Она постучалась в дверь, зная, что дочь была дома, поскольку видела припаркованную на улице машину. Даже если отбросить этот факт, с тех пор, как Блэк уехала из города, Роуз постоянно выбирала себе работу с поздними часами. Поэтому ложилась спать она чуть ли не на рассвете и целый день просто шаталась по дому. Немного прождав, Эйвери постучалась сильнее и практически выкрикнула имя, но вовремя остановилась, сообразив, что ее голос в данном случае дочь хочет слышать еще меньше, чем арендодателя, с которым явно не желала общаться.

«Возможно, она догадалась, что это я, из-за звонка», – решила Блэк.

Принимая во внимание данный момент, она прикинула, что будет действовать таким образом, который выходит у нее лучше всего – пойдет на переговоры.

– Роуз, – позвала Эйвери, снова стуча в дверь. – Открой. Это мама. Здесь довольно холодно.

Она немного подождала, но ответа так и не последовало. Вместо того чтобы барабанить по двери, Блэк спокойно подошла к ней и встала настолько близко, насколько могла. Заговорив, она постаралась подобрать такую громкость, чтобы ее можно было услышать изнутри, но в то же самое время, не достаточную, чтобы привлечь внимание соседей.

– Ты можешь продолжать игнорировать меня, если так этого хочешь, но я не перестану звонить, Роуз. А когда я одержима чем-то, ты меня знаешь. Вспомни, что я делала раньше. Если я захочу узнать где ты, я смогу получить информацию в любое время. Или же ты можешь просто облегчить жизнь нам обеим и открыть эту чертову дверь.

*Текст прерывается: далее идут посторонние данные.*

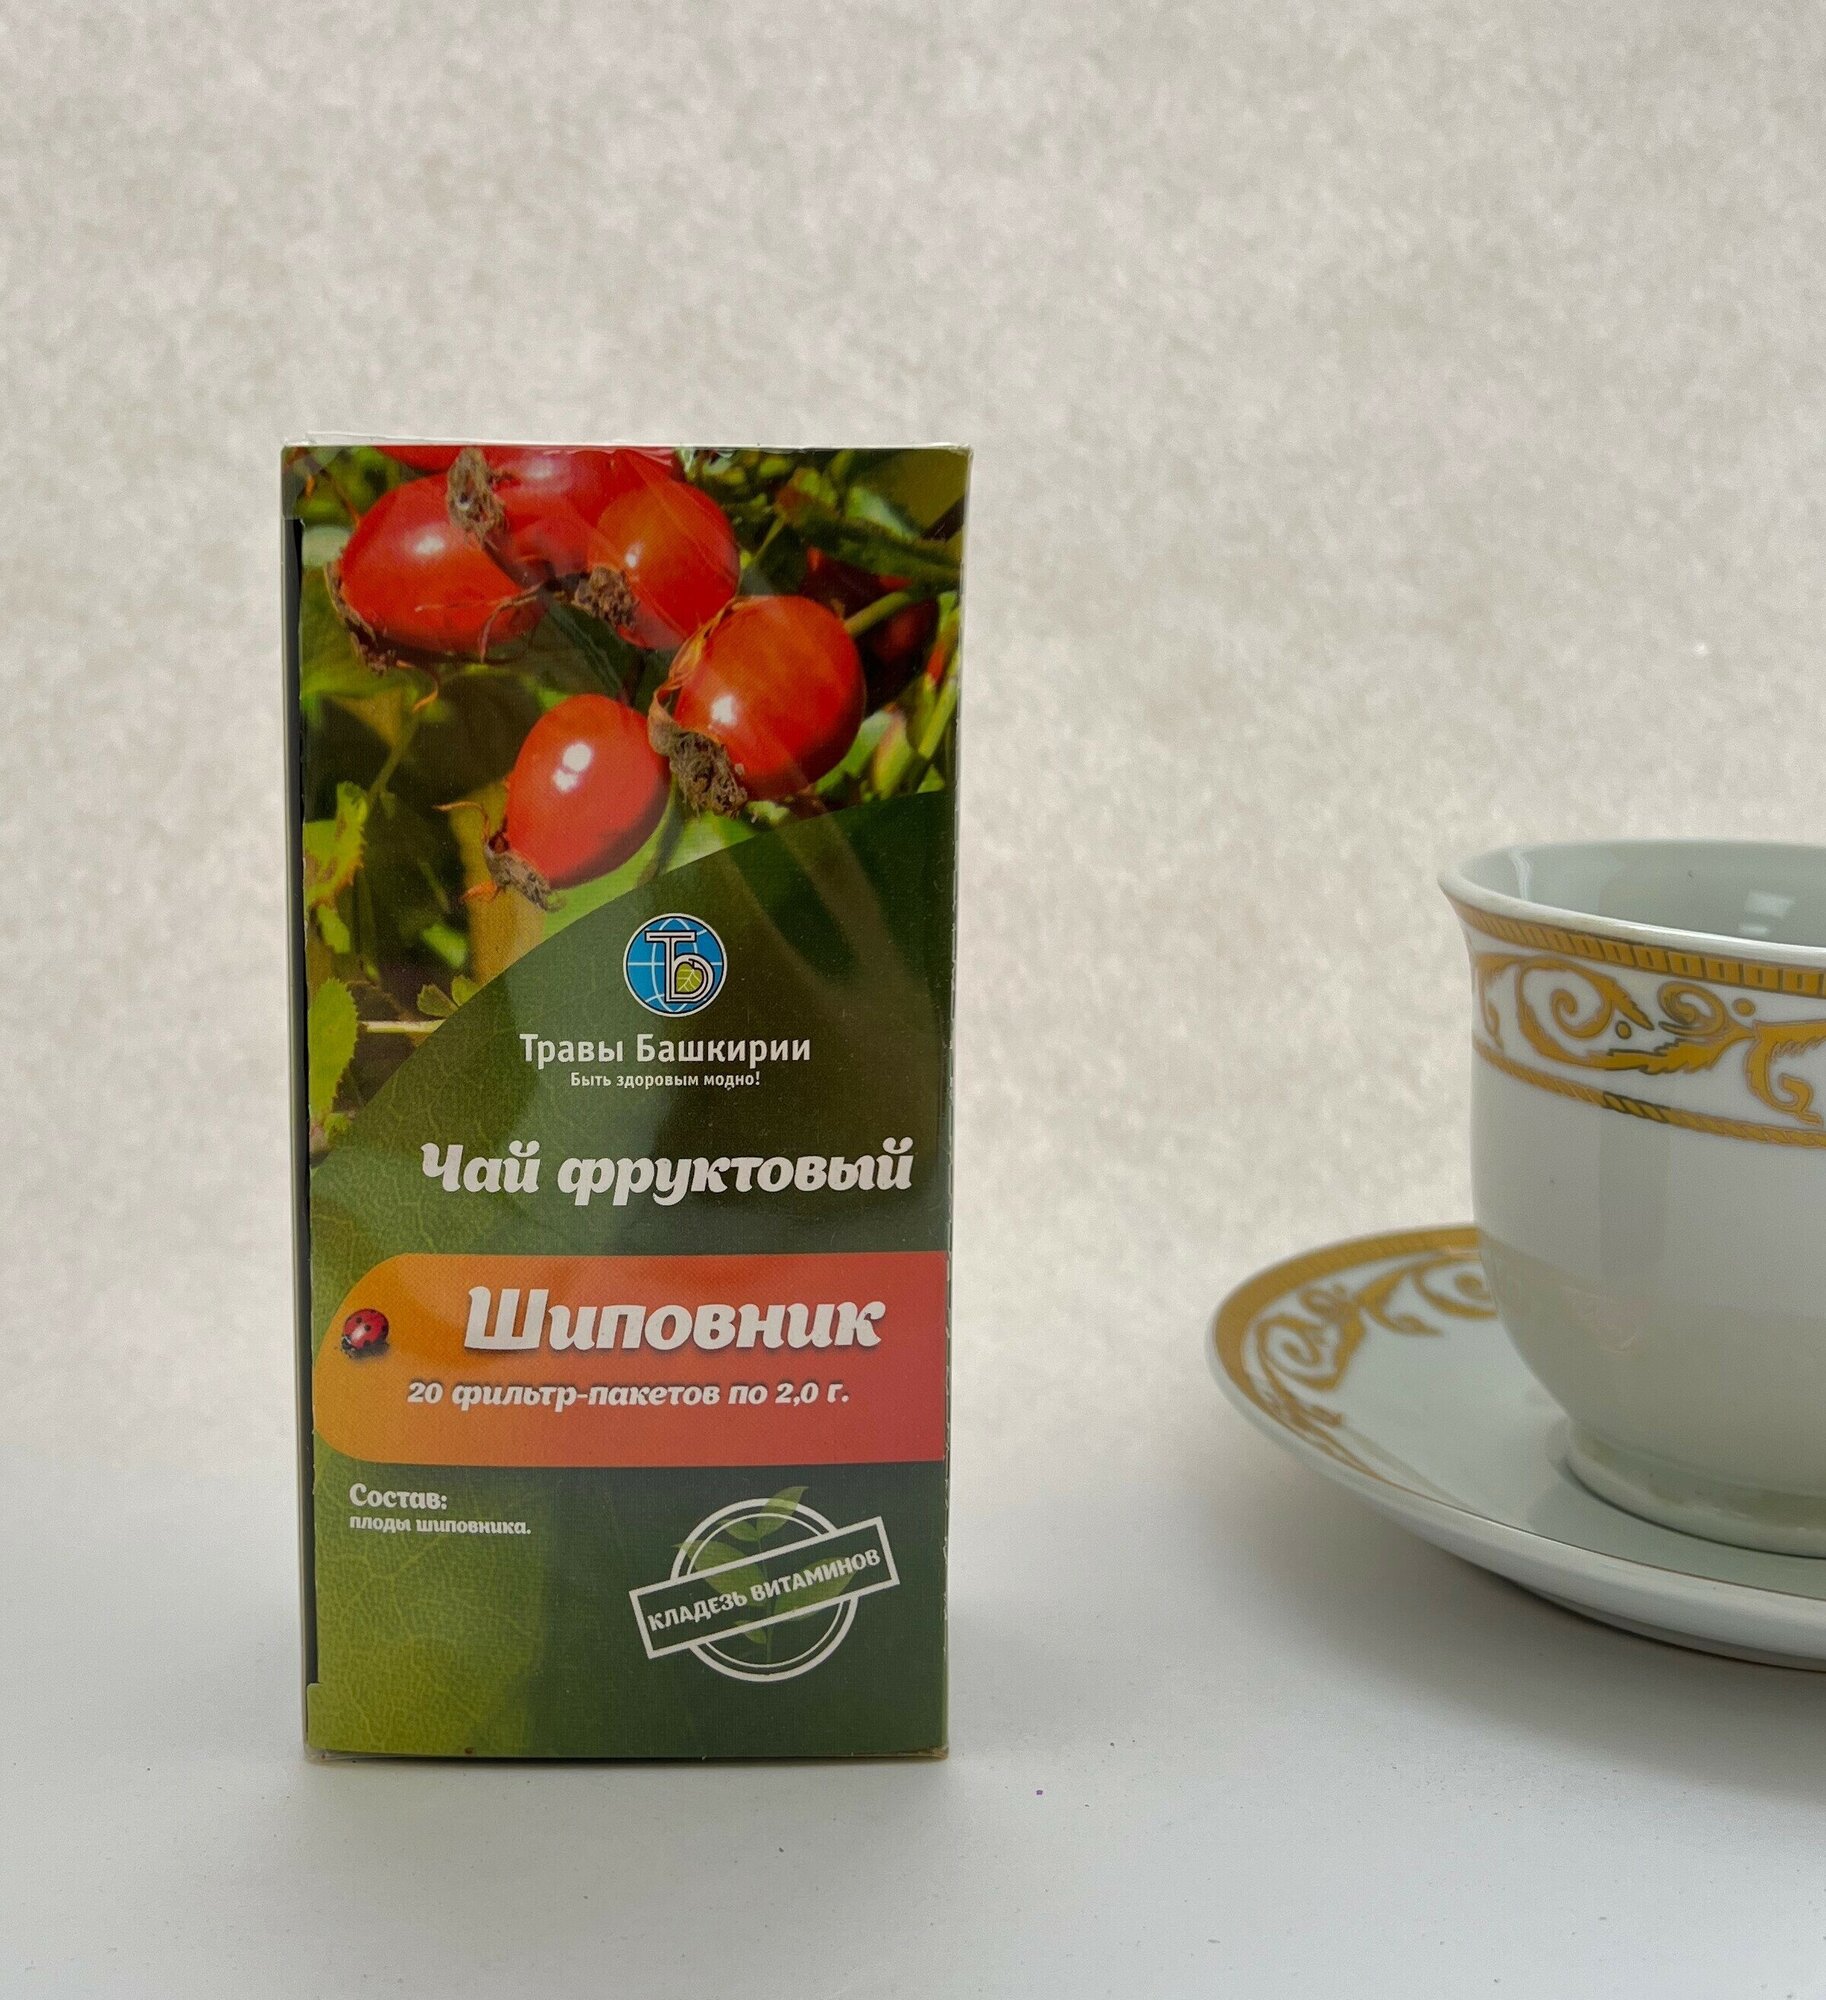 Шиповник - чай для восстановления иммунитета

Сказав это, она постучалась снова. На этот раз ответ последовал незамедлительно. Роуз медленно приоткрыла дверь. Она выглядела так, словно не доверяла человеку, стоявшему снаружи.

– Что ты хочешь, мама?

– Зайти на пару минут.

Роуз слегка задумалась, но потом все же открыла дверь. Эйвери изо всех сил пыталась не обращать внимания на то, как похудела дочь. Хотя, на самом деле, не так уж и сильно. Также она перекрасила волосы в черный цвет и подстриглась.

Блэк прошла в квартиру и сразу заметила, что она была в идеальном состоянии. На диване лежала гавайская гитара, что выглядело не вполне уместно. Эйвери удивленно взглянула на дочь, указывая на странный инструмент.

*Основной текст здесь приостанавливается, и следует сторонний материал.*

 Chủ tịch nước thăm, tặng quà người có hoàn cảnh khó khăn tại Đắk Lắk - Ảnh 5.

– Хотела научиться играть хоть на чем-то, – пояснила Роуз. – Обычная гитара слишком тяжела, а пианино дорогое.

– И как успехи? – спросила Блэк.

– Могу сыграть пять аккордов. Это практически целая песня.

Эйвери впечатленно кивнула. Она чуть не попросила дочь сделать это, но остановилась, побоявшись оказать давление. Затем она подумала присесть на диван, но не хотела показаться настойчивой, раз Роуз не пригласила. Где-то внутри она была уверена, что дочь так и не предложит ей сделать это.

– Со мной все хорошо, мам, – произнесла Роуз. – Если ты, конечно, пришла из-за этого…

– Именно так, – ответила Эйвери. – И я хотела бы пообщаться с тобой. Знаю, что ты ненавидишь меня и винишь во всем произошедшем. Это дерьмово, но я переживу. Сегодня мне звонил твой арендодатель.

– О, Боже, – сказала Роуз. – Этот жадный ублюдок никак не оставит меня в покое и…

– Он просто хотел получить свои деньги, Роуз. У тебя они есть? Тебе дать?

– Я получила три сотни чаевых сегодня ночью, – усмехнулась она. – По субботам эта сумма вдвое больше. Поэтому нет… Мне не нужны деньги.

– Хорошо. Но… Что ж, он также говорит, что беспокоится о тебе. Он наслышан о некоторых вещах, которые ты говорила. Так что не ври мне, Роуз. Итак, как у тебя дела на самом деле?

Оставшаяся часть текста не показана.